▸ Work required
Excluding images, repeat the data exactly as given.

▸ Given material
########

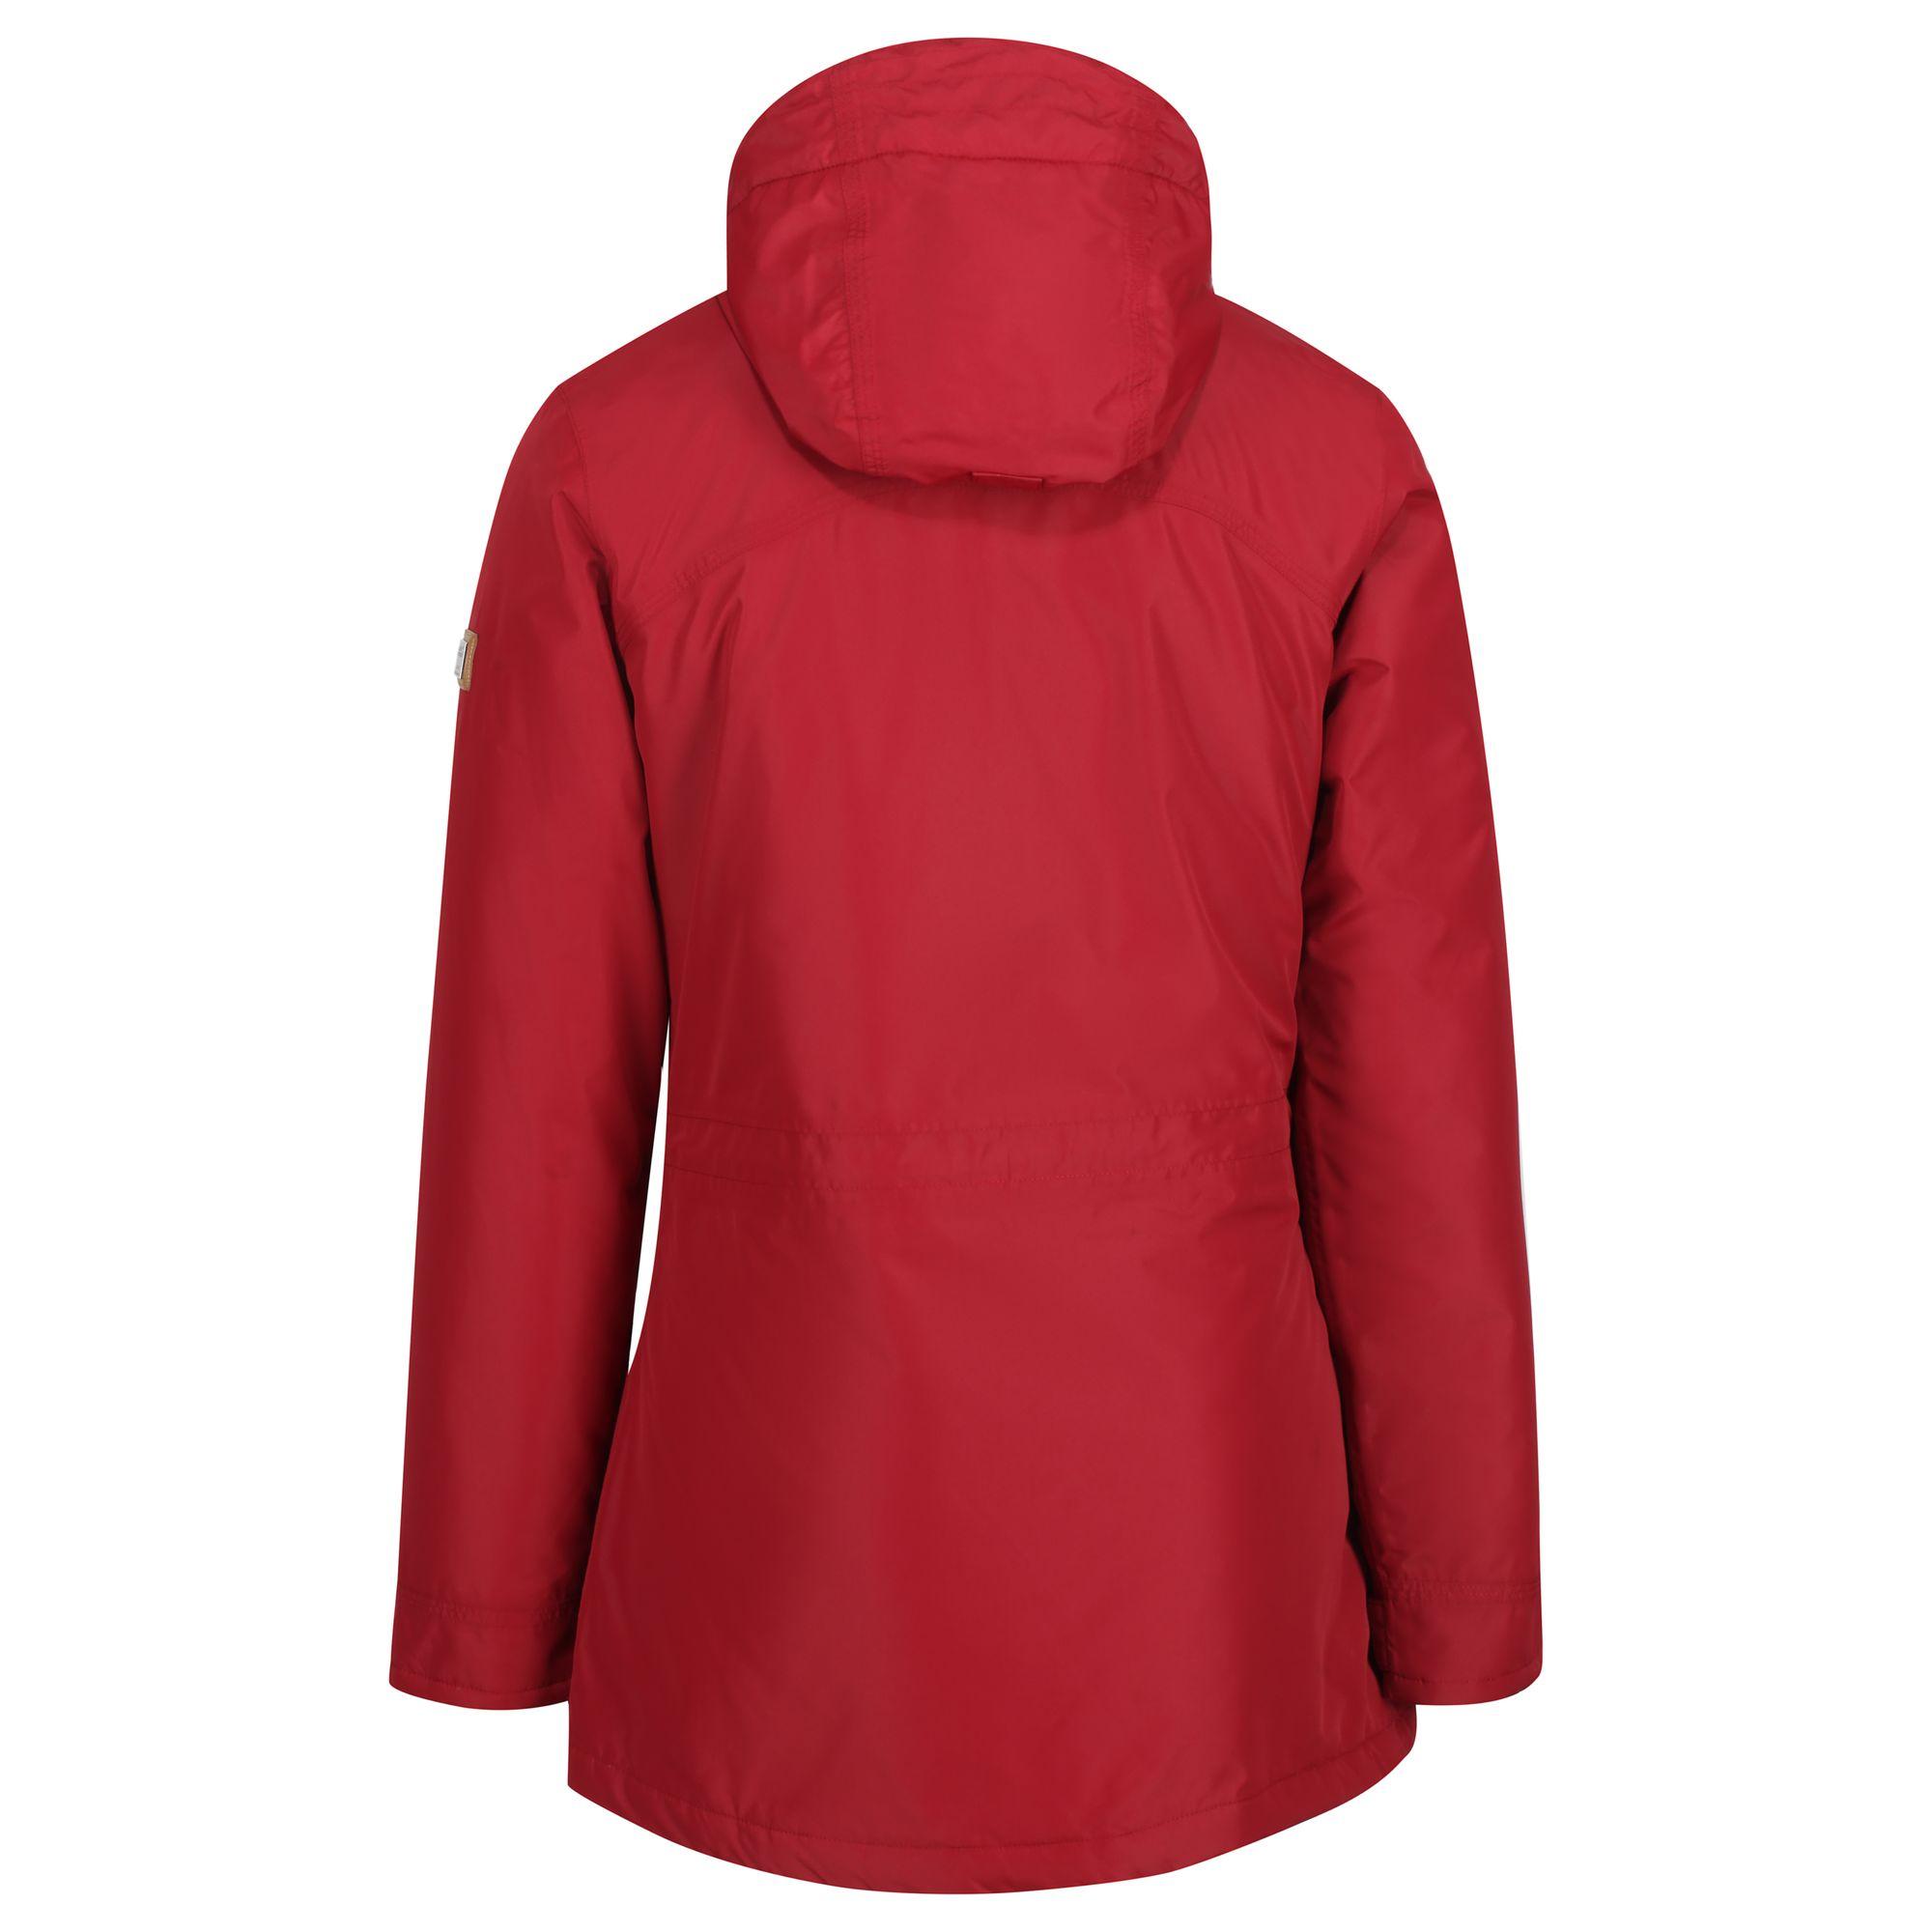 Regatta-Womens-Ladies-Braelynn-Long-Length-Waterproof-Jacket-RG4552 thumbnail 9
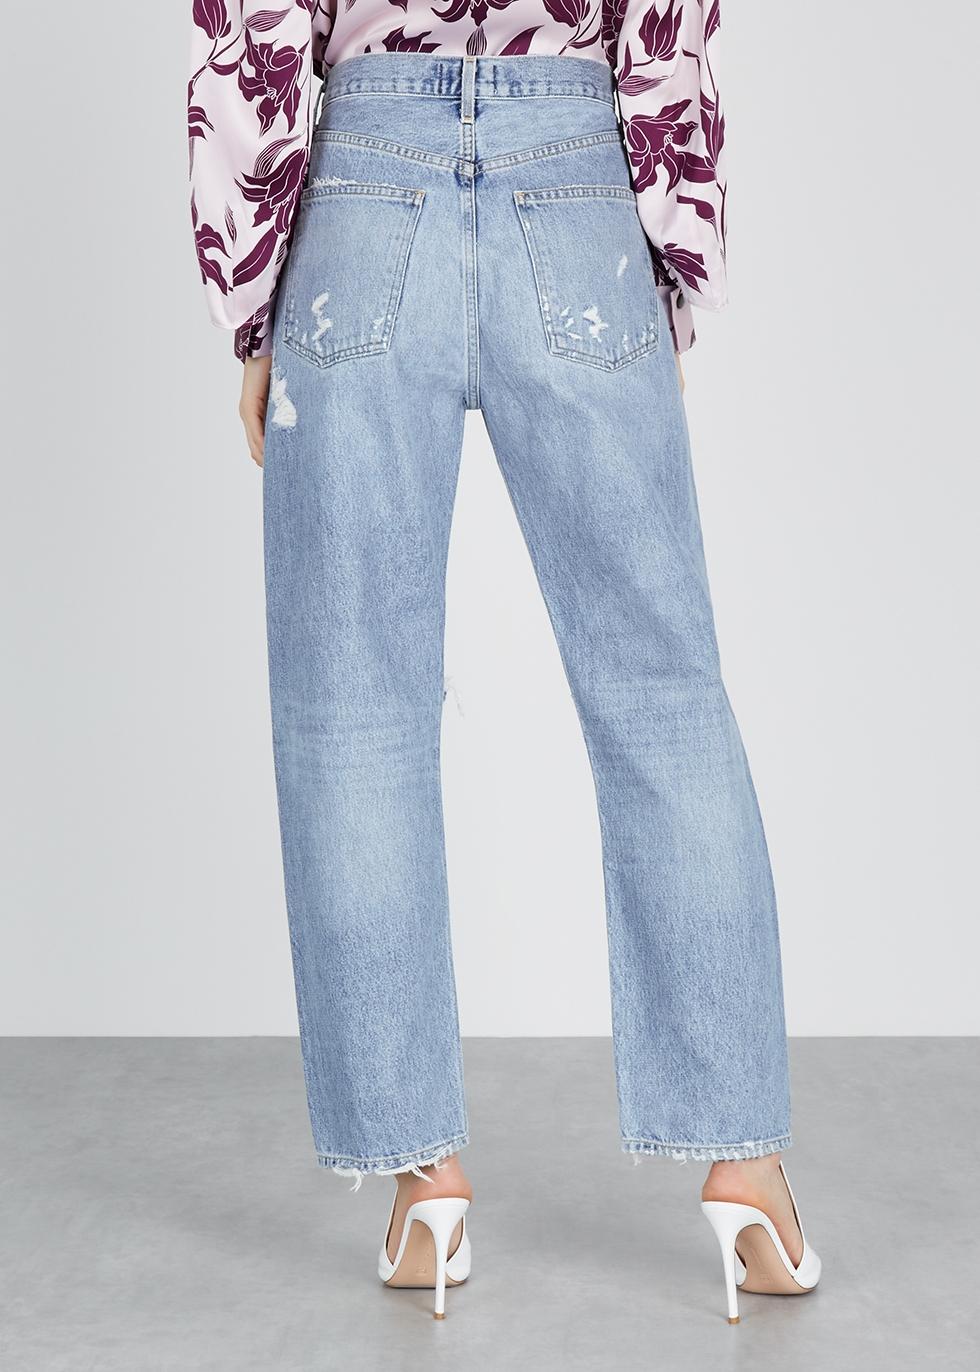 90's distressed boyfriend jeans - AGOLDE
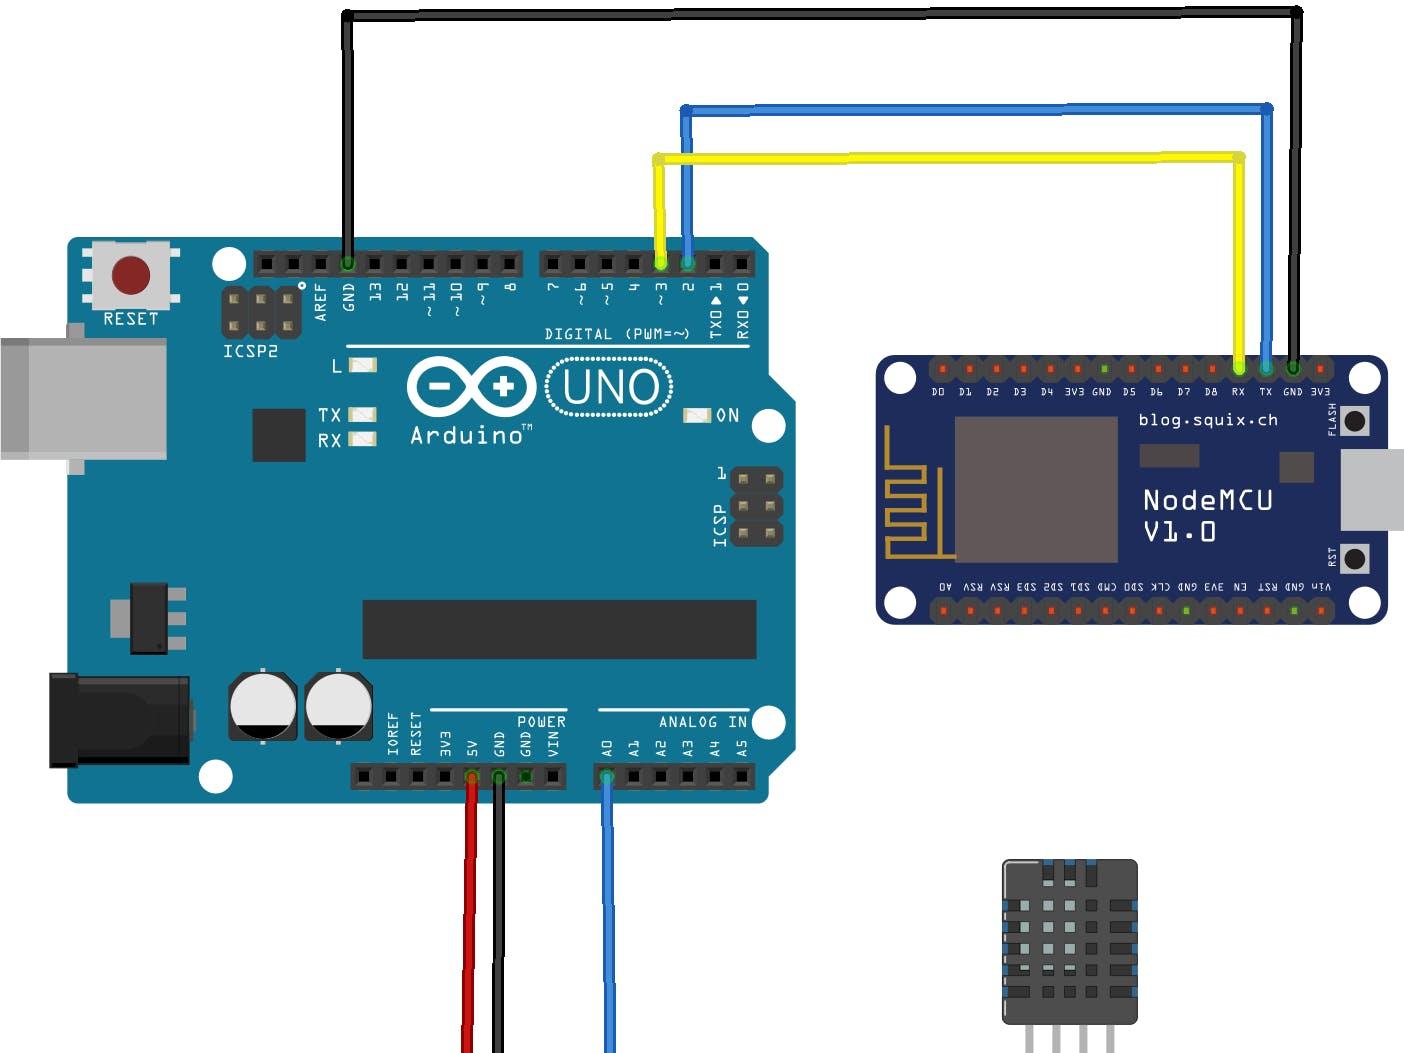 Arduino Nodemcu Iayuqaxyv on Arduino Mega Pinout Diagram
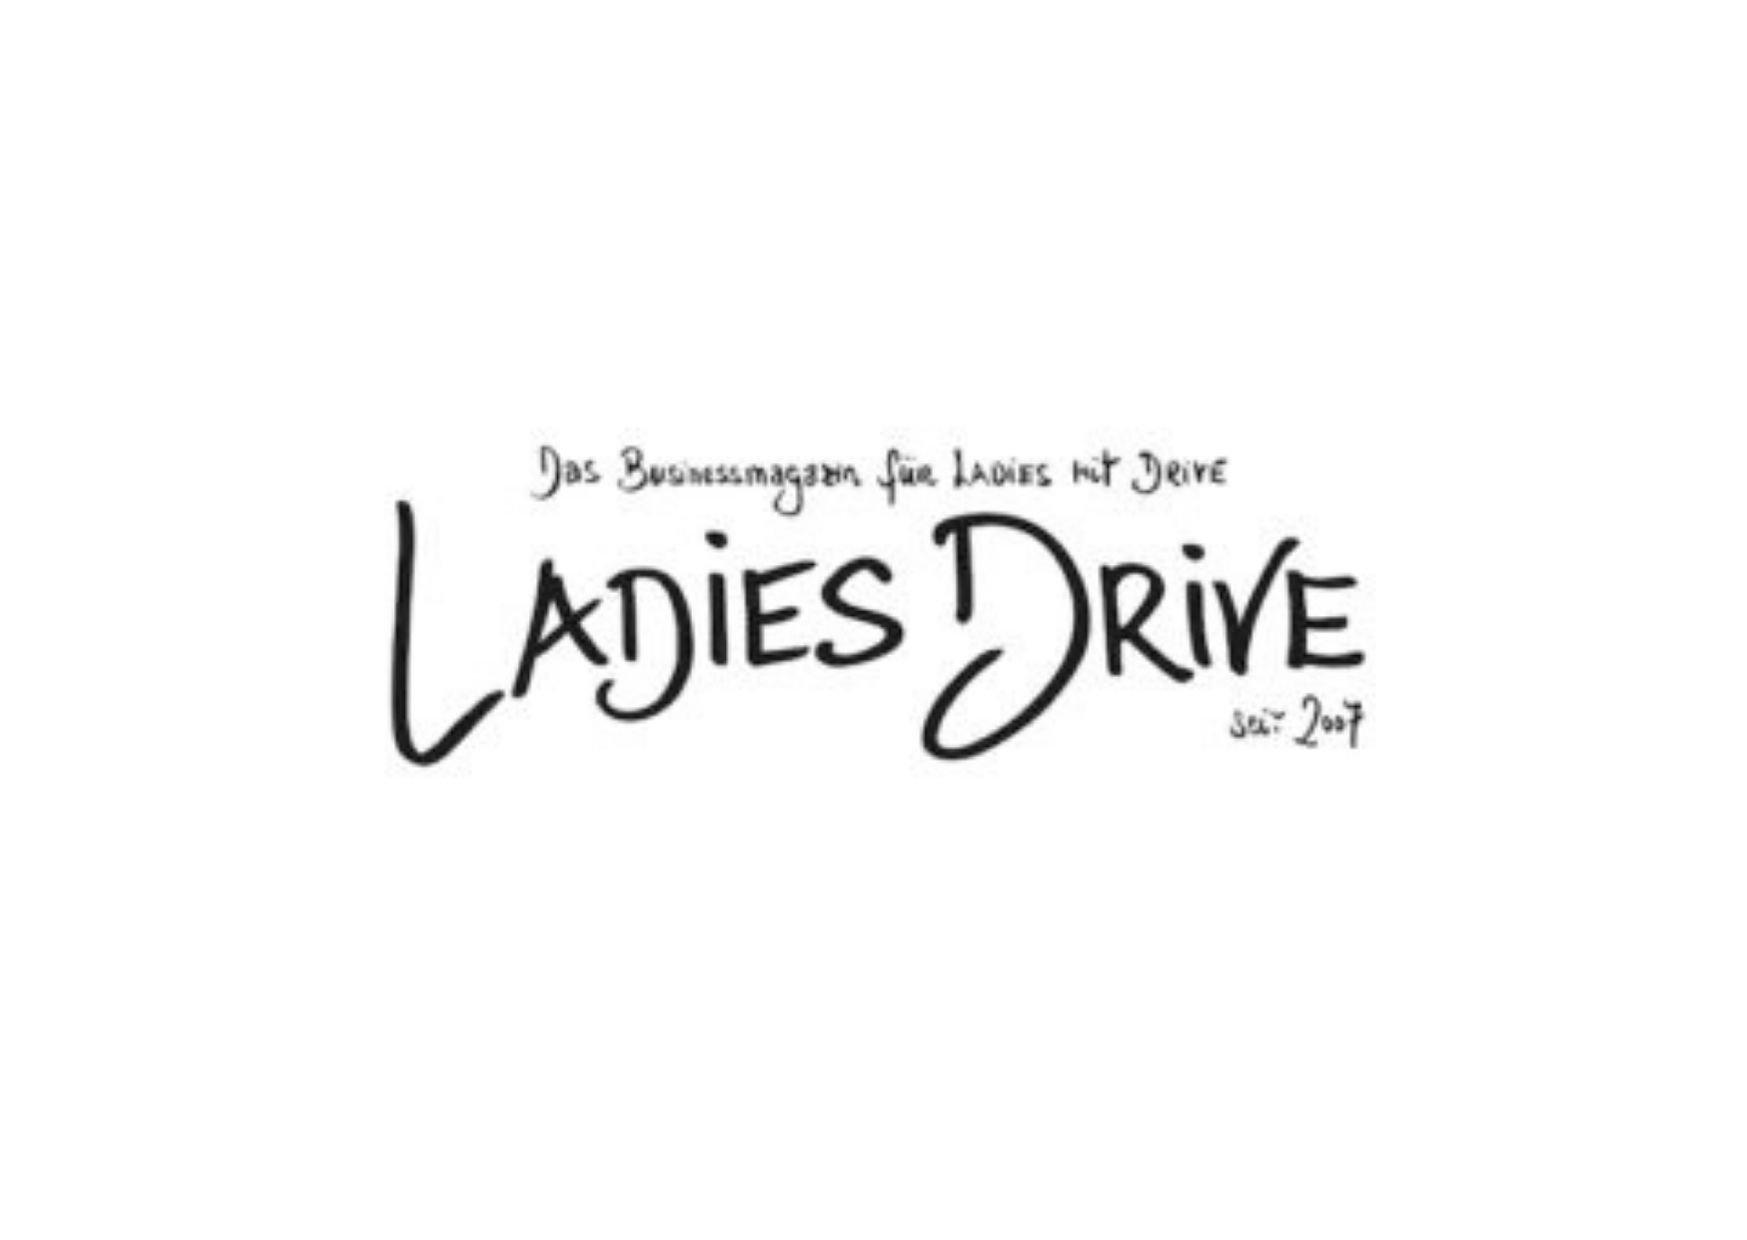 Noreena's Interview for Swiss Ladies Drive

########

▸ Result of the exercise
 Regatta-Womens-Ladies-Braelynn-Long-Length-Waterproof-Jacket-RG4552 thumbnail 9
 90's distressed boyfriend jeans - AGOLDE
 Arduino Nodemcu Iayuqaxyv on Arduino Mega Pinout Diagram
 Noreena's Interview for Swiss Ladies Drive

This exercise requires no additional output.